Loading from disk is a good option for this (although it's not always possible to serialize the content of the buffer, in that case the buffer would restart empty and we can show a warning). The state_dict() would be part of the training state_dict that is saved to disk along with the model and optimizer anyway. Cc @muellerzr from that worked on storing training state_dicts for the accelerate lib, in case you have an opinion. I also feel like it is simpler and more intuitive to users. It doesn't require to explain why we need to stream a lot of data just to recover a buffer.

Yea, agree with you. But here's the thing: saving buffers as state dict can get pretty tricky. When it comes to tokenized text data, working with multi-worker shuffle can take around x hundreds GB of memories in my case. That's just not feasible for most machine envs out there, and can be more severe for audio/video data.

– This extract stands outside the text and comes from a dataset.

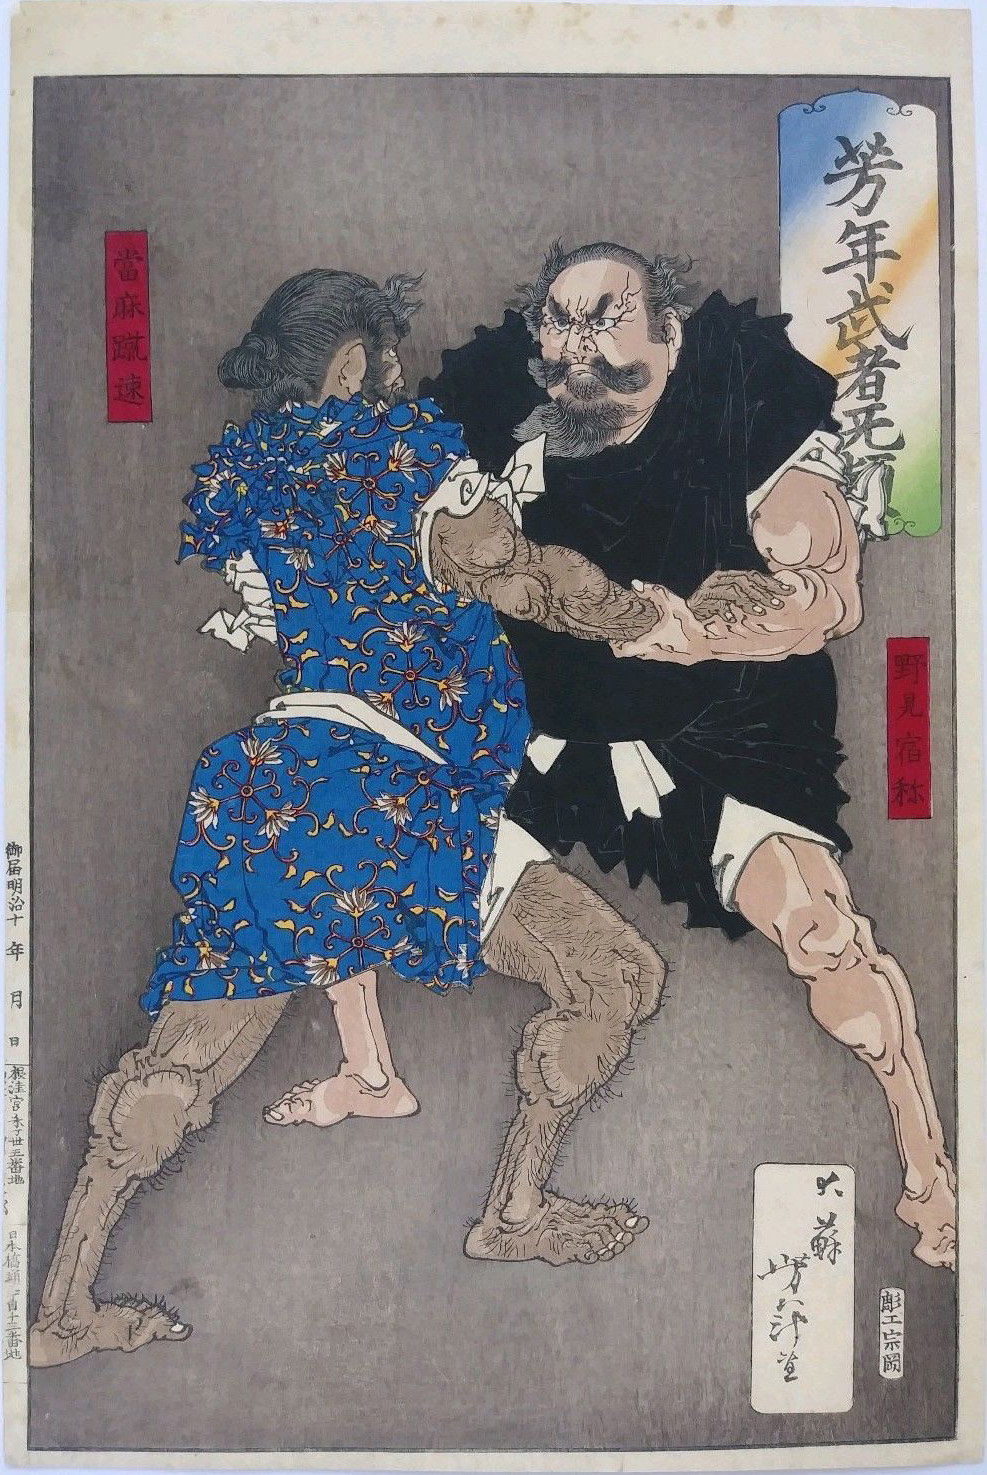 Nomi no Sukune Wrestling by Tsukioka Yoshitoshi

Also, serializing the buffer does take a major toll on performance, and in my experience, I've had to lean heavily on numpy/torch tensor operations to manage those tokenized text data efficiently, which isn't easily transferable to other scenarios—it's kind of a custom fix that works for now, but it's not a one-size-fits-all solution. So, for me it's not that ideal to directly serialize the buffer content with those limitations.

lhoestq commented 4 months ago

When it comes to tokenized text data, working with multi-worker shuffle can taken around x hundreds GB memories in my case.

it's kinda close to the size of a model + optimizer no ?

Anyway that makes sense and adding the feature to recover a buffer shuffle (at least as an opt-in for now, we can decide on the default later based on users feedback and experience).

Are you ok with adding buffer_resuming_mode= to .shuffle() to enable buffer recovering using your method with buffer_resuming_mode="recover_from_source" ? (feel free to suggest other names for the parameter and value)

yzhangcs commented 4 months ago

@lhoestq

Are you ok with adding buffer_resuming_mode= to .shuffle() to enable buffer recovering using your method with buffer_resuming_mode="recover_from_source" ? (feel free to suggest other names for the parameter and value)

Of course, appreciate your feedbacks.